Comprehensive dungeon exploration evaluation
26+ shaped reward signals for training
Balrog scoring system integration
Progress bars for multi-trajectory runs
Separates relevant vs. irrelevant metrics

Sokoban Evaluation

cd Environments  
uvpm synth_env.examples.sokoban.agent_demos.test_sokoban_react_agent

Features:

Classic puzzle-solving evaluation
Box-pushing logic validation
Step efficiency analysis
Multiple difficulty levels

Configuration

Edit the script configuration at the top of each file:

MODEL_NAME = "gpt-4.1-mini"  # or "o3", "claude-sonnet-4", etc.
NUM_INSTANCES = 5            # Number of test episodes
MAX_TURNS = 100             # Maximum steps per episode  
DIFFICULTY = "beginner"     # Environment-specific difficulty

All scripts provide detailed rubric results, progress metrics, and shaped rewards suitable for reinforcement learning applications.

Development Setup

# Clone repository
git clone https://github.com/your-org/synth-env.git
cd synth-env

# Install dependencies
uv sync

# Run tests
python dev/update_readme_metrics.py --fast

🎮 Supported Environments

Environment	Status	Description
Sokoban	✅ Stable	Classic puzzle game for planning
Hendryks Math	✅ Stable	Mathematical reasoning tasks
Crafter	✅ Stable	Minecraft-like survival environment
Verilog	🔄 Beta	Hardware description language tasks
Red Team	🚧 Development	Security testing scenarios
SWE-Bench	🚧 Development	Software engineering tasks

📖 Documentation

API Reference - Complete API documentation
Environment Guide - Detailed environment descriptions
Contributing - Development setup and guidelines

🔧 Development

Health Check

# Check codebase health
python scripts/check_health.py

Testing

# Fast tests (~3 seconds)
python dev/update_readme_metrics.py --fast

# Full test suite
python dev/update_readme_metrics.py

Code Quality

# Format code
ruff format .

# Check linting
ruff check .

# Type checking
uvx ty check

Release

# Increment version and publish
python scripts/release.py

# Dry run
python scripts/release.py --dry-run

Pre-Merge Checklist

Before creating a PR, see dev/pr_checklist.md for the complete checklist.

🤝 Contributing

We welcome contributions! Please see our Contributing Guide for:

Development setup
Code style guidelines
Testing requirements
Pull request process

📄 License

This project is licensed under the MIT License - see the LICENSE file for details.

🙏 Acknowledgments

Special thanks to the research teams at DeepMind, Ragen AI, and other contributors to the environments included in this framework.

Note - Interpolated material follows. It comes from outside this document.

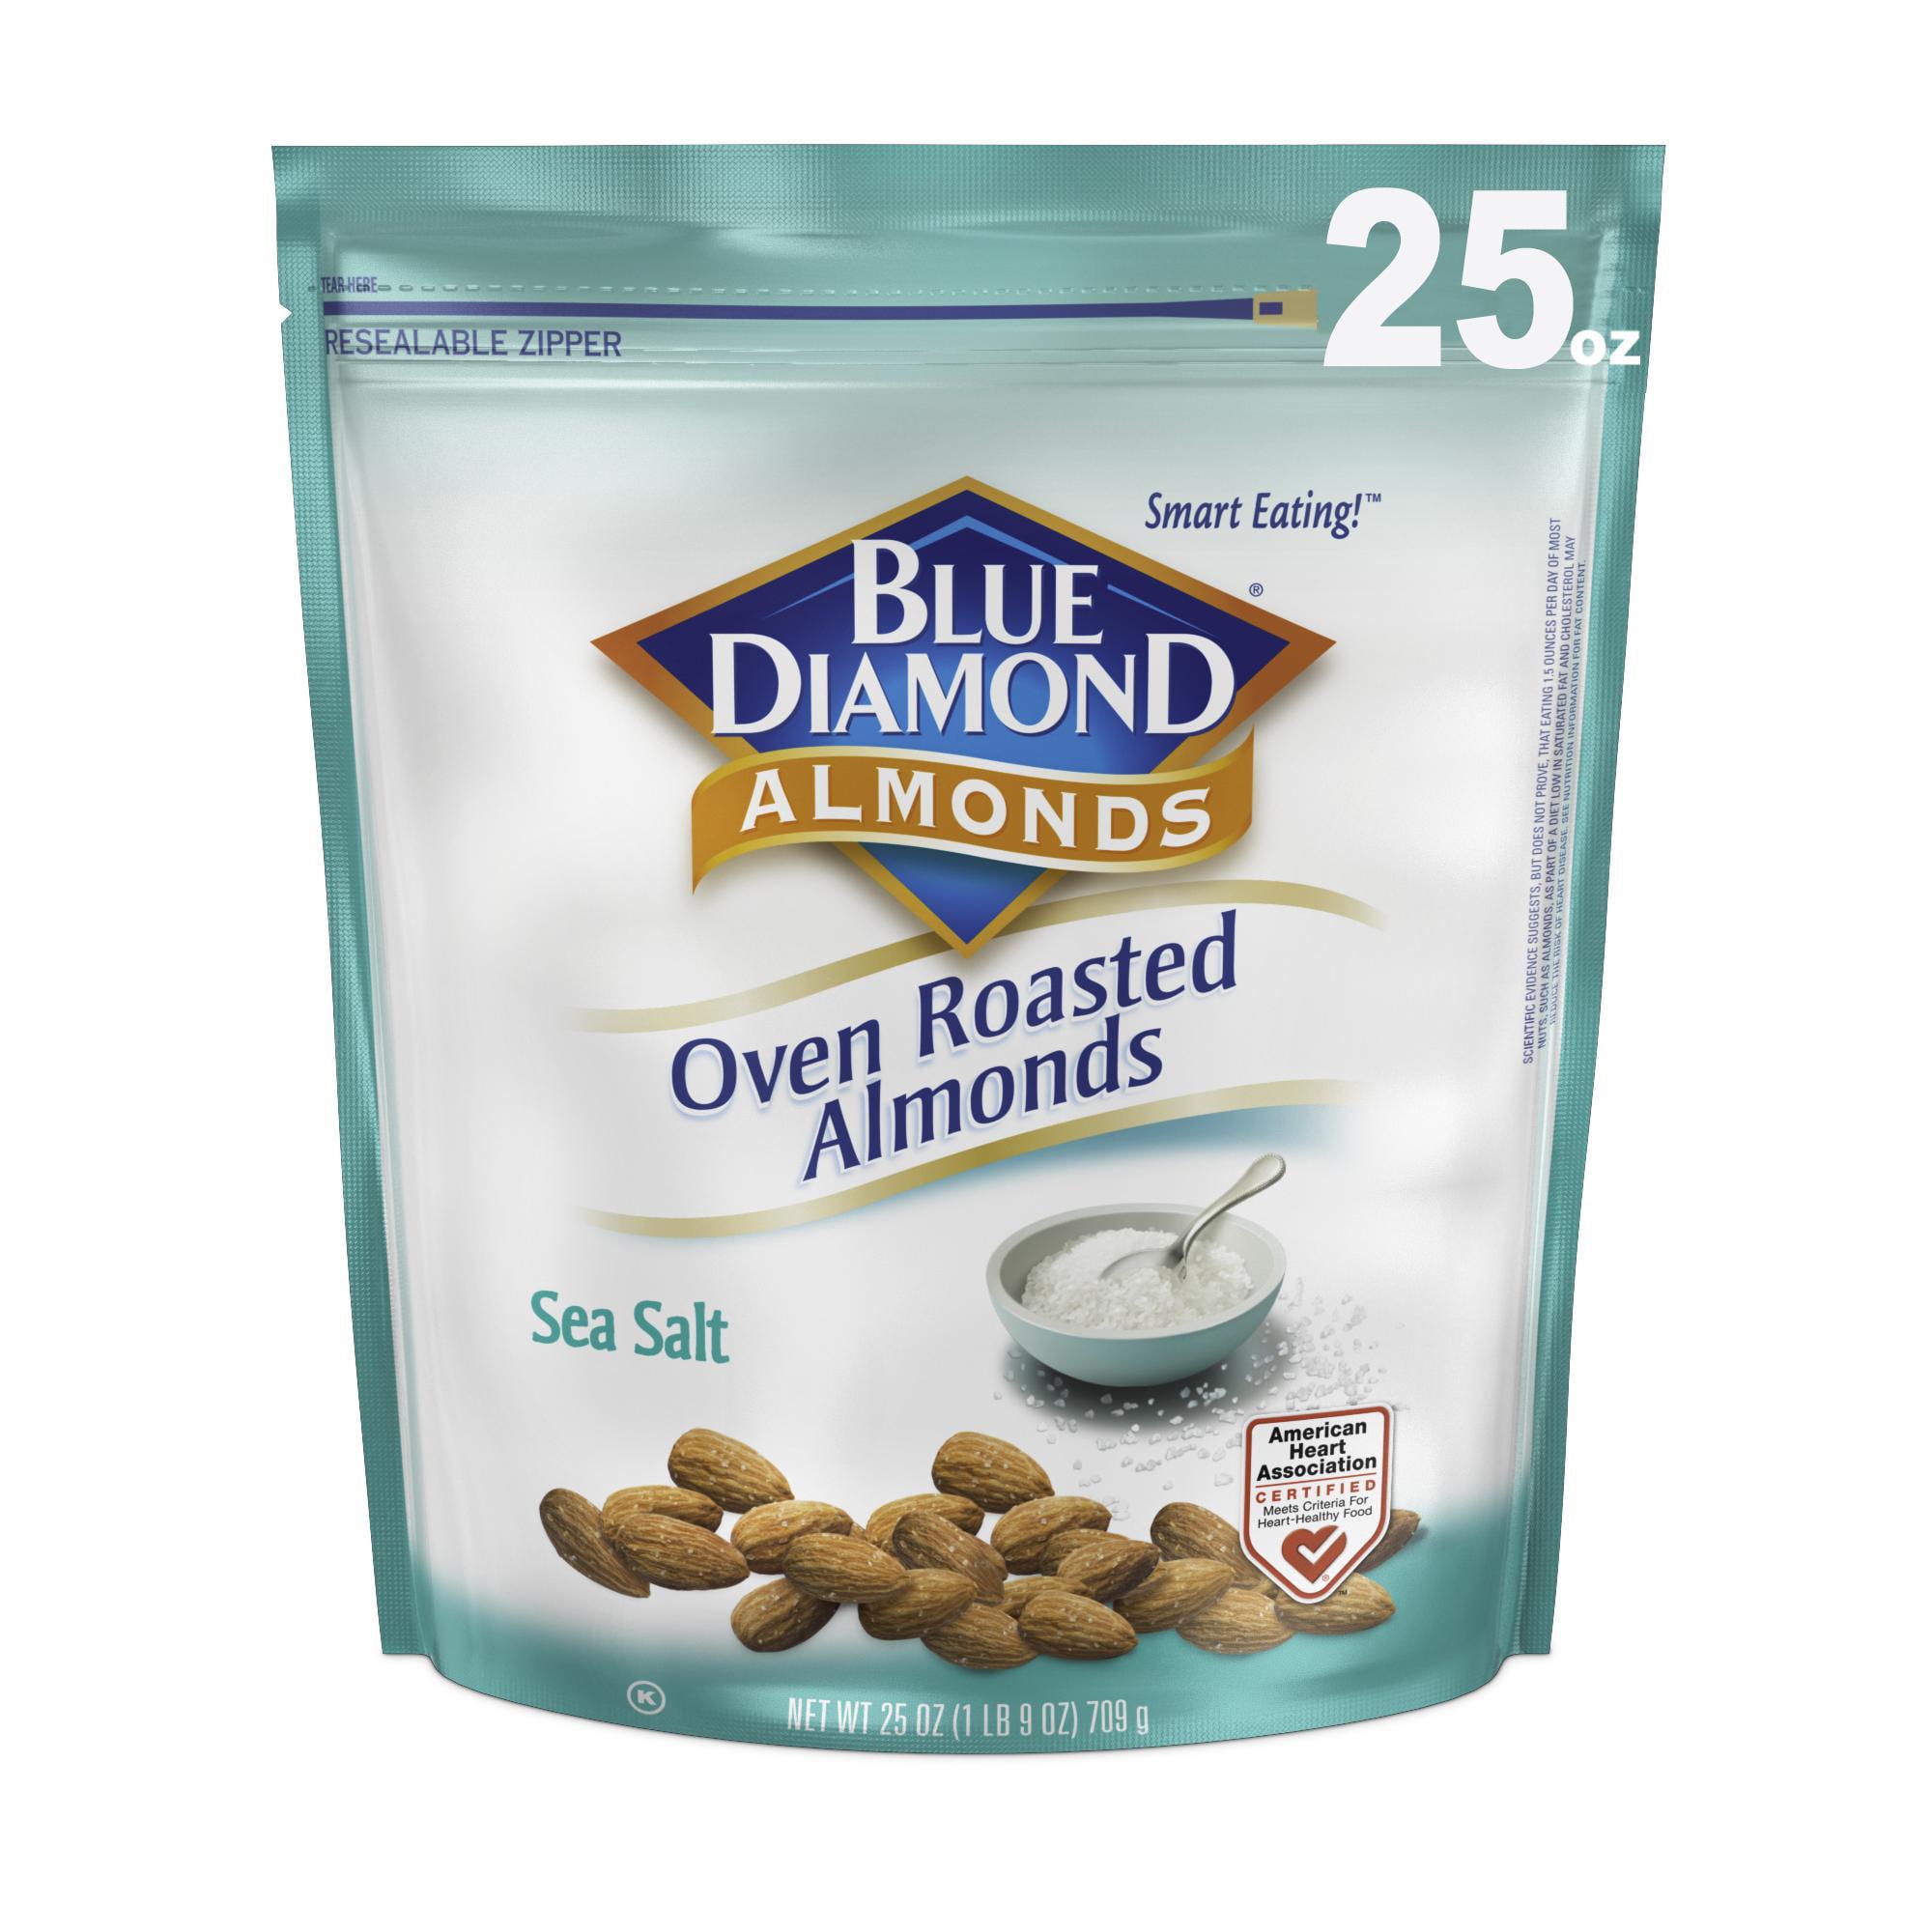 Blue Diamond Almonds, Oven Roasted Sea Salt 25 oz

⚠️ Development Status: This project is under active development. While stable environments are production-ready, newer environments may have breaking changes.

Project details

Release history Release notifications | RSS feed

0.1.5.dev0 pre-release

Jul 10, 2025

This version

0.1.3.dev4 pre-release

Jul 7, 2025

0.1.3.dev3 pre-release

Jul 7, 2025

0.1.3.dev2 pre-release

Jul 6, 2025

0.1.3.dev1 pre-release

Jul 6, 2025

0.1.3.dev0 pre-release

Jul 6, 2025

0.1.1.dev1 pre-release

Jul 5, 2025

0.1.1.dev0 pre-release

Jul 5, 2025

0.1.0

Jul 5, 2025

0.0.2.dev2 pre-release

Jul 5, 2025

0.0.2.dev1 pre-release

Jul 5, 2025

0.0.1.dev9 pre-release

Jul 5, 2025

0.0.1.dev2 pre-release

Jun 13, 2025

0.0.1.dev1 pre-release

Jun 13, 2025

0.0.1.dev0 pre-release

Jun 13, 2025

0.0.0.dev14 pre-release

May 31, 2025

0.0.0.dev13 pre-release

May 31, 2025

0.0.0.dev12 pre-release

May 30, 2025

0.0.0.dev11 pre-release

May 29, 2025

0.0.0.dev10 pre-release

Jun 12, 2025

0.0.0.dev8 pre-release

May 20, 2025

0.0.0.dev6 pre-release

May 20, 2025

0.0.0.dev5 pre-release

May 20, 2025

0.0.0.dev4 pre-release

May 20, 2025

0.0.0.dev1 pre-release

May 16, 2025

Download files

Download the file for your platform. If you're not sure which to choose, learn more about installing packages.

Source Distribution

synth_env-0.1.3.dev4.tar.gz (1.0 MB view details)

Uploaded Jul 7, 2025 Source

Built Distribution

If you're not sure about the file name format, learn more about wheel file names.

The dropdown lists show the available interpreters, ABIs, and platforms. Enable javascript to be able to filter the list of wheel files.

synth_env-0.1.3.dev4-py3-none-any.whl (1.2 MB view details)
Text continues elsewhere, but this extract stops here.